RESULTS OF OPERATIONS
     Interest Income. Interest income is comprised primarily of interest accrued on our loans. In addition, certain of our loans provide for additional interest payable to us based on the operating cash flow or appreciation in value of the underlying real estate. We recognize this additional interest or “accretable yield” over the remaining life of the loan, such that the return yielded by the loan remains at a constant level for its remaining life. Our interest income was $19.6 million for the three months ended March 31, 2006 compared to $19.0 million for the three months ended March 31, 2005. The $600,000 increase was primarily due to the following:
    an additional $11.9 million of interest accruing on 87 loans totaling $675.2 million originated between January 1, 2005 and March 31, 2006, partially offset by a $10.2 million reduction of interest due to the repayment of 44 loans totaling $264.4 million during the same period,
 
    a decrease of $1.4 million in accretable yield included in our interest income from the three months ended March 31, 2005 to the same period in 2006.
     Rental Income. At both March 31, 2006 and 2005, we had three consolidated real estate interests, which generated rental income that is included in our financial statements. We received rental income of $3.9 million for the three months ended March 31, 2006 compared to $3.4 million for the three months ended March 31, 2005. The $500,000 increase was primarily the result of one property’s annual reconciliation of amounts due from a major tenant for the portion of property operations expenses for which they are financially responsible, pursuant to their lease.
     Fee Income and Other. Revenues generated by our wholly owned subsidiary, RAIT Capital Corp d/b/a Pinnacle Capital Group, are generally reported in this income category. Pinnacle provides, or arranges for another lender to provide, first-lien conduit loans to our borrowers. This service often assists us in offering the borrower a complete financing package, including our mezzanine or bridge financing. Where we have made a bridge loan to a borrower, we may be able to assist our borrower in refinancing our bridge loan, for which we will earn related fee income through Pinnacle. We also include financial consulting fees in this income category. Financial consulting fees are generally negotiated on a transaction by transaction basis and, as a result, the sources of such fees for any particular period are not generally indicative of future sources and amounts. We earned fee and other income of $5.7 million for the three months ended March 31, 2006 as compared to $911,000 earned in the three months ended March 31, 2005. Included in fee and other income for the three months ended March 31, 2006 were consulting fees of $3.6 million and $2.0 million of revenue generated by Pinnacle.

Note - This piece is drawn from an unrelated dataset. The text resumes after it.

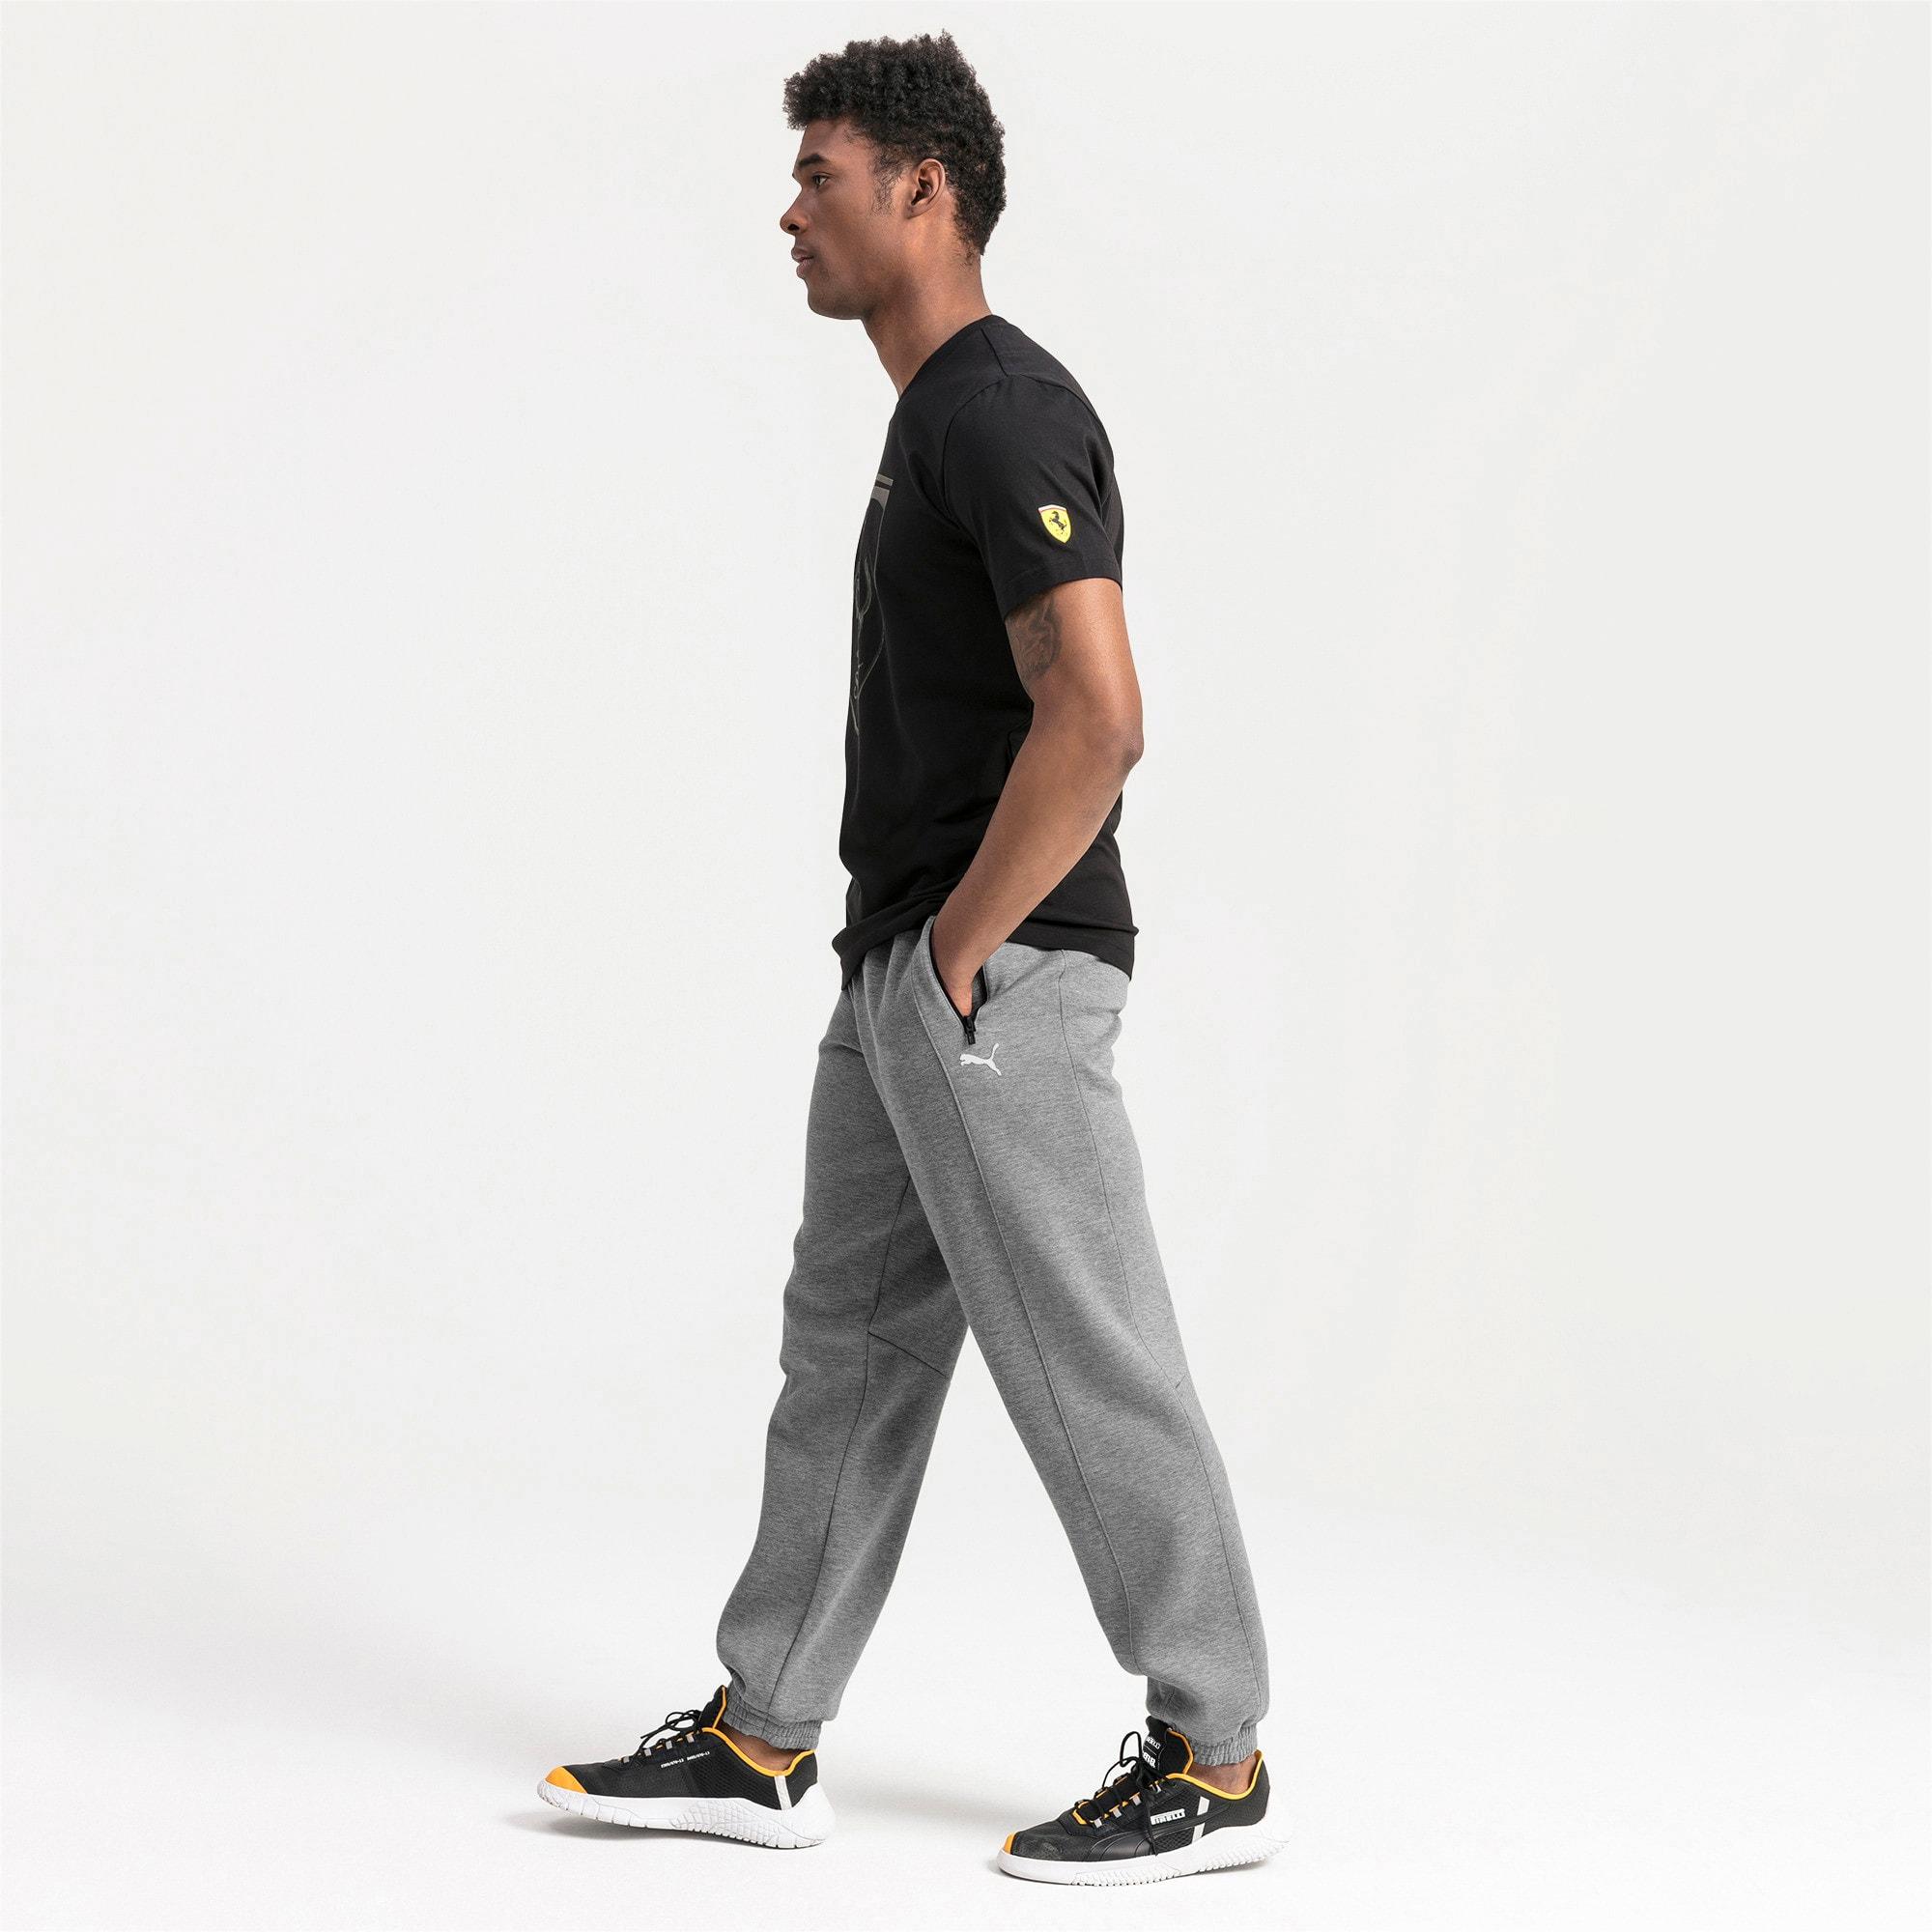 Thumbnail 3 of Pantaloni della tuta Ferrari uomo, Medium Gray Heather, medium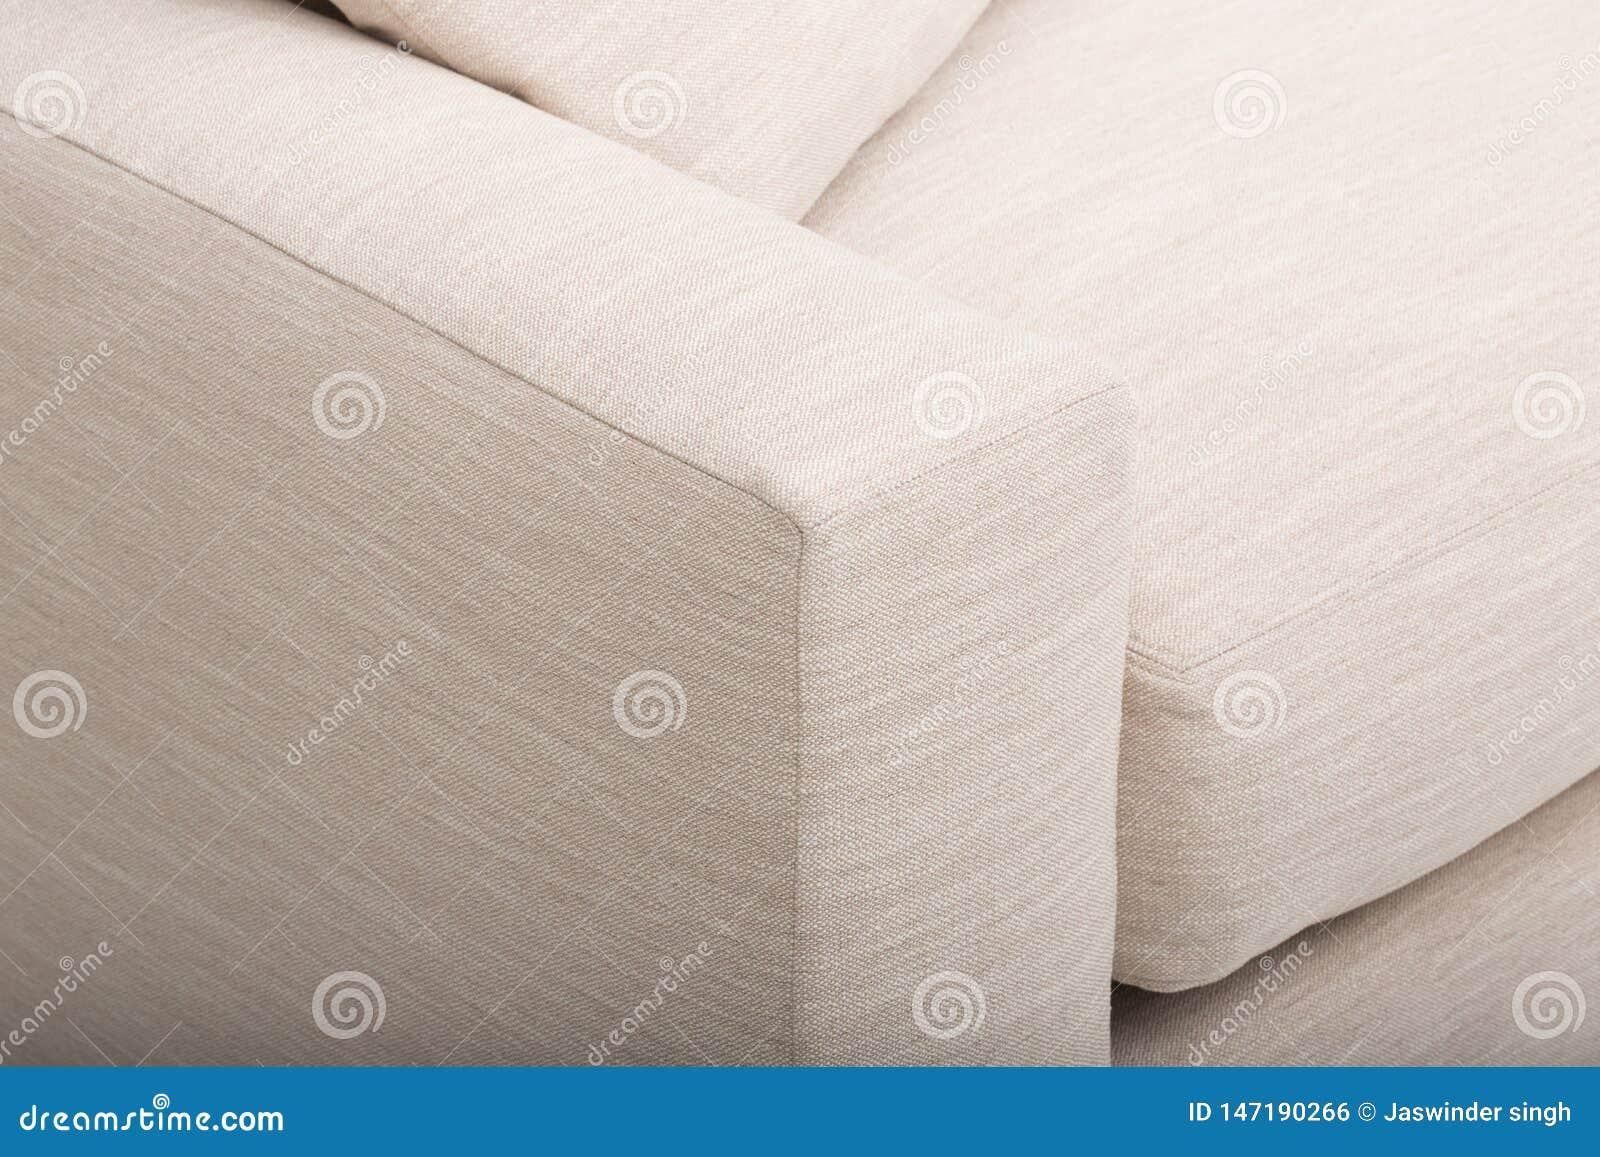 Кожаный диван мест уютный, софа 2 seater современная в светлом - серая ткань, 2-Seat софа, софа валика пера,

Included in fee and other income for the three months ended March 31, 2005 were revenues of $811,000 generated by Pinnacle. If we implement the CDO strategy referred to above in “Overview”, we anticipate that we will seek to increase fee income resulting from investments intended to support our CDOs, which may shift some income previously characterized as interest income to fee income.
     Investment Income. We derived our investment income from the return on our unconsolidated real estate interests and from interest earned on cash held in bank accounts. We received investment income of $1.5 million for the three months ended March 31, 2006, compared to $1.3 million for the three months ended March 31, 2005. The $200,000 increase in investment income from the three months ended March 31, 2005 to the corresponding period in 2006 was due to an increase in interest earned on cash held in bank accounts, resulting from both an increase in interest rates paid by banks on deposits as well as an increase in the average balance of our cash accounts. Most of this investment income was generated from our bank accounts with The Bancorp Bank. Our relationship with The Bancorp Bank is described in Note 9 to our consolidated financial statements.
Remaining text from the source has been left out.